I have just about decided that if I am going to get a headphone amp that I like and can afford I am going to have to build it myself so I am about to oder a SEX kit. My question is for you experienced builders out there (and this may prove helpful to anyone else contemplating building one of these). What tools do I need to build this in an optimal way. What size soldering iron, or soldering station (Any recommendations), solder sucker, small wire cutters. What else, vise? helping hands? magnifying glass/lens?


----------



## skeptic

Aside from the soldering station (I sprung for a hakko), this is the most valuable tool in a bottlehead kit building arsenal imo: http://www.amazon.com/Ideal-Industries-Stripmaster-Wire-Stripper/dp/B000RFSWF8/ref=pd_sim_indust_1?ie=UTF8&refRID=10GEE2ZPHSWJKANTABZQ
  
 Also, cardas quad eutectic solder is really really easy to work with and makes beautiful joints.


----------



## jodgey4

http://www.amazon.com/X-TRONIC-MODEL-4010-XTS-Centigrade-ANTI-MAGNETIC/dp/B0053491YO/ is recommended in the Bottlehead forums, then just grab some solder (I have a nice roll of 100g Cardas Eutectic on the way 
	

	
	
		
		

		
			





), maybe a solder sucker and you're good to go!


----------



## Loquah

I'd agree with the others, but would also add:
  

Long / needle nose pliers (to hold some of the fiddly nuts)
Philips head screw driver
Wire cutters (large and small ideally, but small is ideal for trimming excess wire in some of the more congested areas)
Masking tape (to hold screws in place while working with the transformers upside down)
Basic test meter with voltage and impedance readings - preferably get some alligator clips to go with this to make testing safer and easier, but you can do it without so long as you're careful
  
 Many of these things are mentioned in the manual so just sharing here to save you time waiting for the manual to arrive.
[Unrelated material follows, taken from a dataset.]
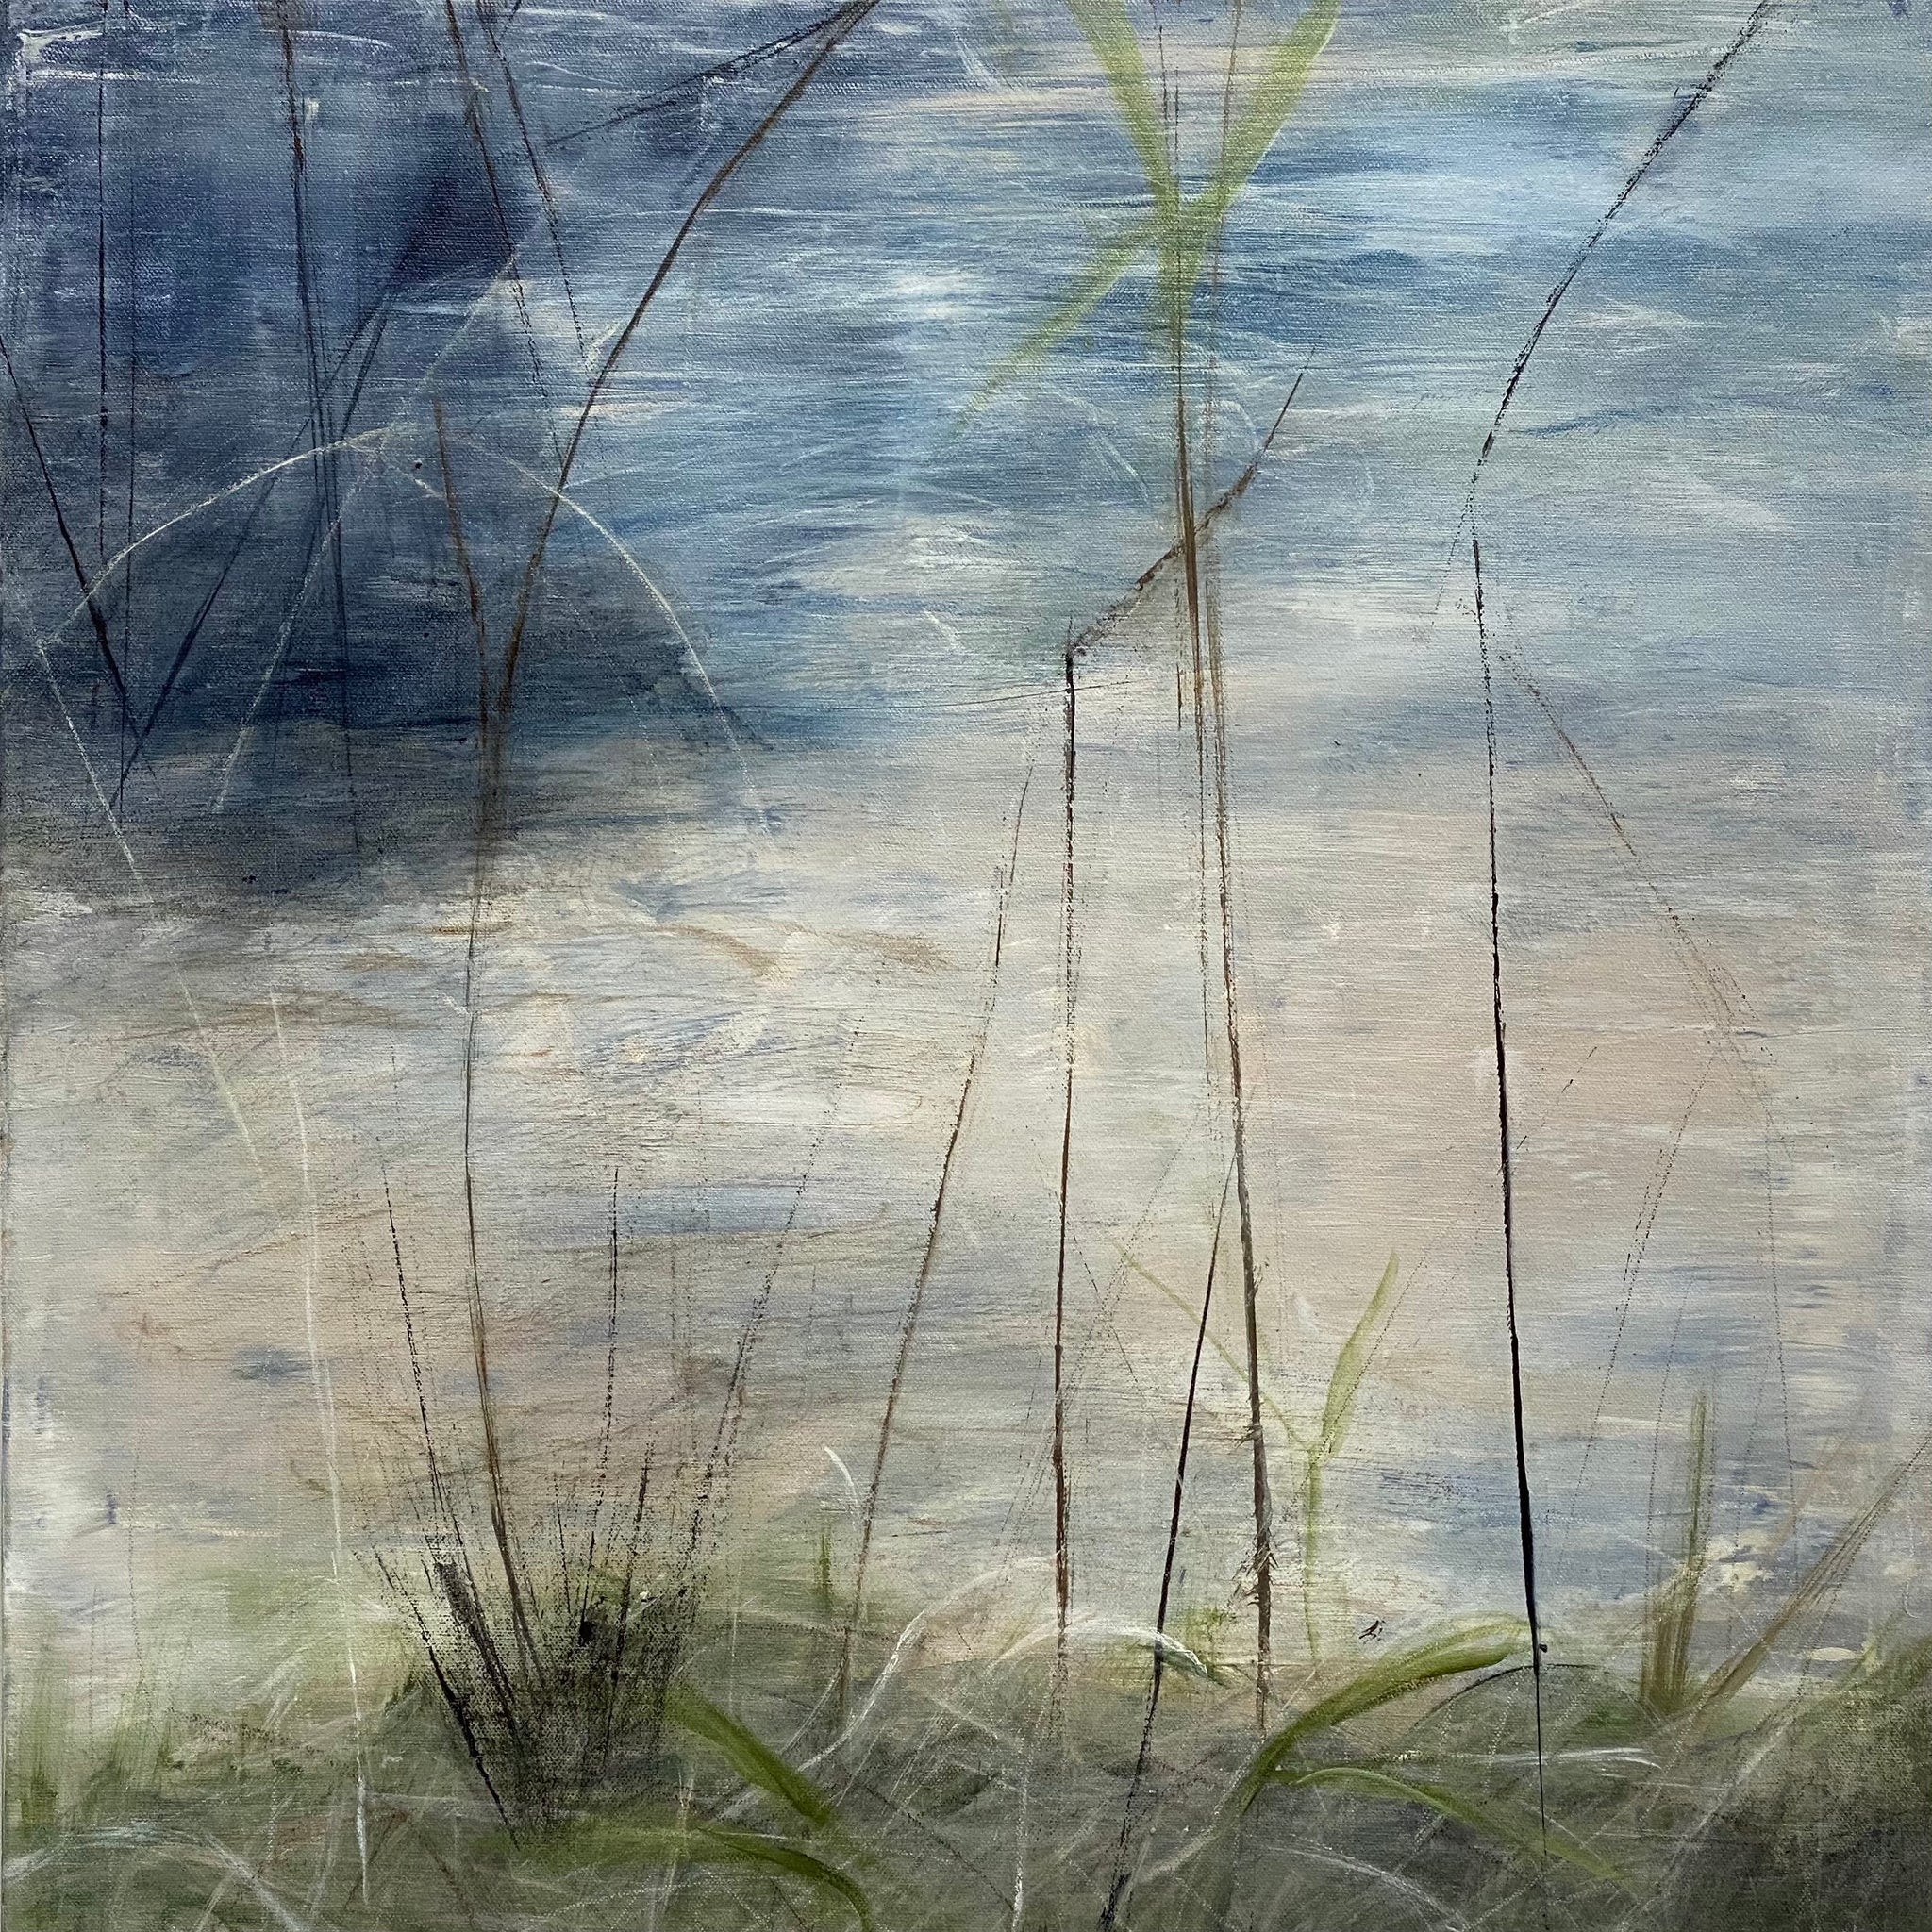 Juanita Bellavance, Caught up in grasses. From the Chestatee River portfolio, 2021, Acrylic on canvas, 24 x 24 inches.

As others have said, it's a pretty simple (but awesome) kit so no super-specialised tools are needed


----------



## guirr

How hard is it to build a S.E.X?


----------



## Loquah

It requires patience and care, but not high skill levels.
  
 You need to be able to follow instructions and make a clean solder joint between a bare wire and a solder terminal (i.e. flat piece of metal with a hole in it). If you want to add the C4S upgrade kit then you need to be able to do some simple circuit board soldering, but nothing really finicky or tricky like soldering tiny surface mount components or anything.


----------



## HPiper

loquah said:


> I'd agree with the others, but would also add:
> 
> 
> Long / needle nose pliers (to hold some of the fiddly nuts)
> ...


 

 I was an electronics technician before I retired so I have most of that stuff already except for the soldering station ( I just have a Weller Pen) and the fancy stripper. I have a Klein but it is all manual, I like the one in the link a lot better. I saw someone say that the Hakko FX-888D is a good unit? It doesn't include all that other nice stuff though like the magnifying lens.
  Thanks, I think I need to order a soldering station and some of the special solder (Eutectic) and I'll be good to go.


----------



## Loquah

Perfect! Enjoy!


----------



## askjeebs

I don't know if this is an obvious thing (clearly it wasn't for me) but if you wanted to treat/coat/paint your transformers, mounting plate and plate chokes, make sure you do so before you mount and wire them up. You can leave them untreated/coated but they will rust a bit. They may also be covered in some residual glue/gunk so having some sandpaper is handy.
  
 I know it sounds stupid but it is really easy to get overly-excited and just get started on the build as soon as possible, and unfortunately there is no warning in the manual about painting prep (probably because for most people it's common sense - something I lack).
  
 Finally if you're gluing the base together you'll need some wood glue. Blumenstein Audio has some screw-together bases that match the Orcas if you wanted to go that route, and the option of adding a plastic bottom window, but they're pretty dear.


----------



## HPiper

One final, well I hope final, question. I got everything ready to order, but the question I have is that these new digital soldering stations are an analog type of device. I have to dial in a temperature. What temperature should I be using for the eutectic solder and the type connections I am likely to be making in the kit. I am sure a bit of experimenting might be required but if you could get me close at least. If it matters I ordered the one linked at the begining of this conversation (X-Tronic 4410XTS).


----------



## JamieMcC

hpiper said:


> One final, well I hope final, question. I got everything ready to order, but the question I have is that these new digital soldering stations are an analog type of device. I have to dial in a temperature. What temperature should I be using for the eutectic solder and the type connections I am likely to be making in the kit. I am sure a bit of experimenting might be required but if you could get me close at least. If it matters I ordered the one linked at the begining of this conversation (X-Tronic 4410XTS).


 

 I find 750°F works well for me with the Cardas.  But as always try it and see with a few practice joints the nice thing with the stations is that its easy to adjust the temp as you go.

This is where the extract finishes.